HEK293 cells were simultaneously co-transfected with plasmids encoding CD80, CD83, CD137L with the pcDNA 3.1 - N-eGFP-Minigene plasmid (Molecules-GFP-Minigene). The expression of each marker was measured in cells co-transfected with all markers and the minigene (Molecules-GFP-Minigene), cells co-transfected solely with the minigene (GFP-Minigene), cells transfected only with the GFP plasmid (GFP), and non-transfected cells. The bars indicate the mean +  SEM for 6 replicates. Statistical analysis was performed using Kruskal-Wallis tests with a p-Value <  0.05. Data are representative of 6 replicates.
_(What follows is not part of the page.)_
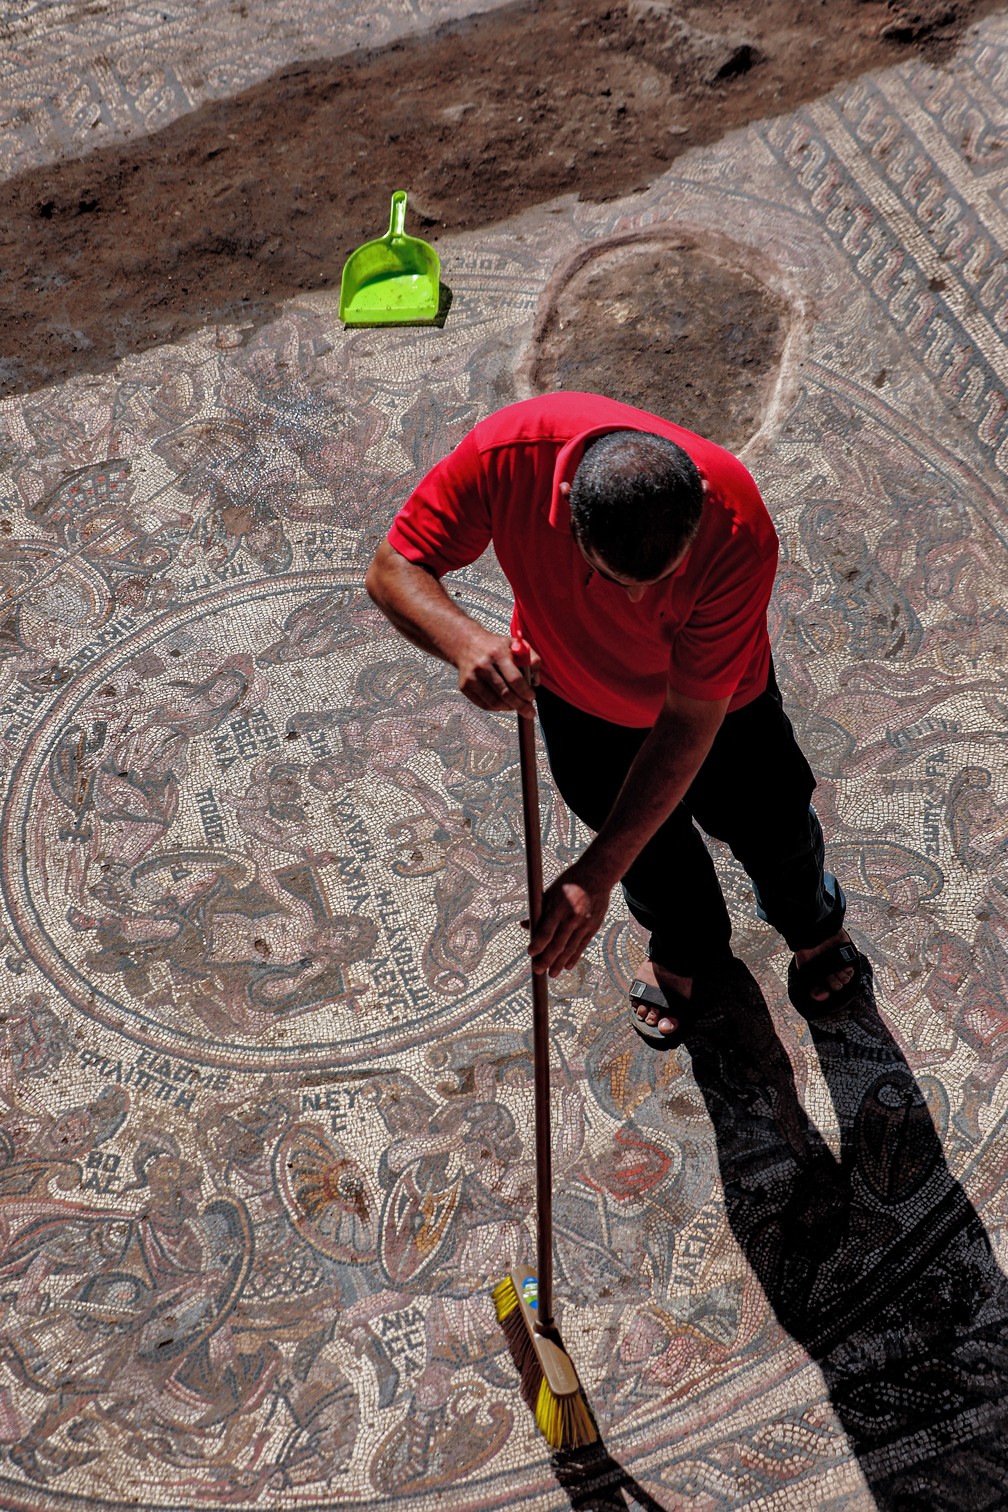 Enorme mosaico da era romana foi descoberto em Rastan, na Síria — Foto: Louai Beshara/AFP

https://doi.org/10.1371/journal.pone.0321392.g001

Screening of PBMCs from HLA-A * 0201 healthy donors having CD8 T cell precursors for CMV

To identify CD8+ T cell precursors to the short epitope of pp65 CMV, we screened PBMCs from HLA-A02:01 healthy donors. PBMCs were cultured in a round-bottom 96-well plate for nine days with IL-21, IL-7, and IL-15. On day nine, the non-adherent fraction of PBMCs was collected and stained with a tetramer loaded with the corresponding peptide. To standardize this methodology, a CMV peptide (a 9-amino acid epitope of the pp65 protein, recognized by HLA-A * 0201-restricted CD8+ LT cells) was used.

Out of the 17 screened healthy HLA-A * 0201 donors, 10 exhibited a population of CMV pp65-specific CD8+ T tetramer-positive cells (S2 Table). To confirm the specificity of these cells, we used two tetramers loaded with the same antigen but with two different fluorochromes. Fig 2 shows the mean percentage of significant expansion of a CMV-specific CD8+ T cell population from 10 screened donors in response to peptide and cytokine stimulation for nine days in vitro, as described in the Materials and Methods section.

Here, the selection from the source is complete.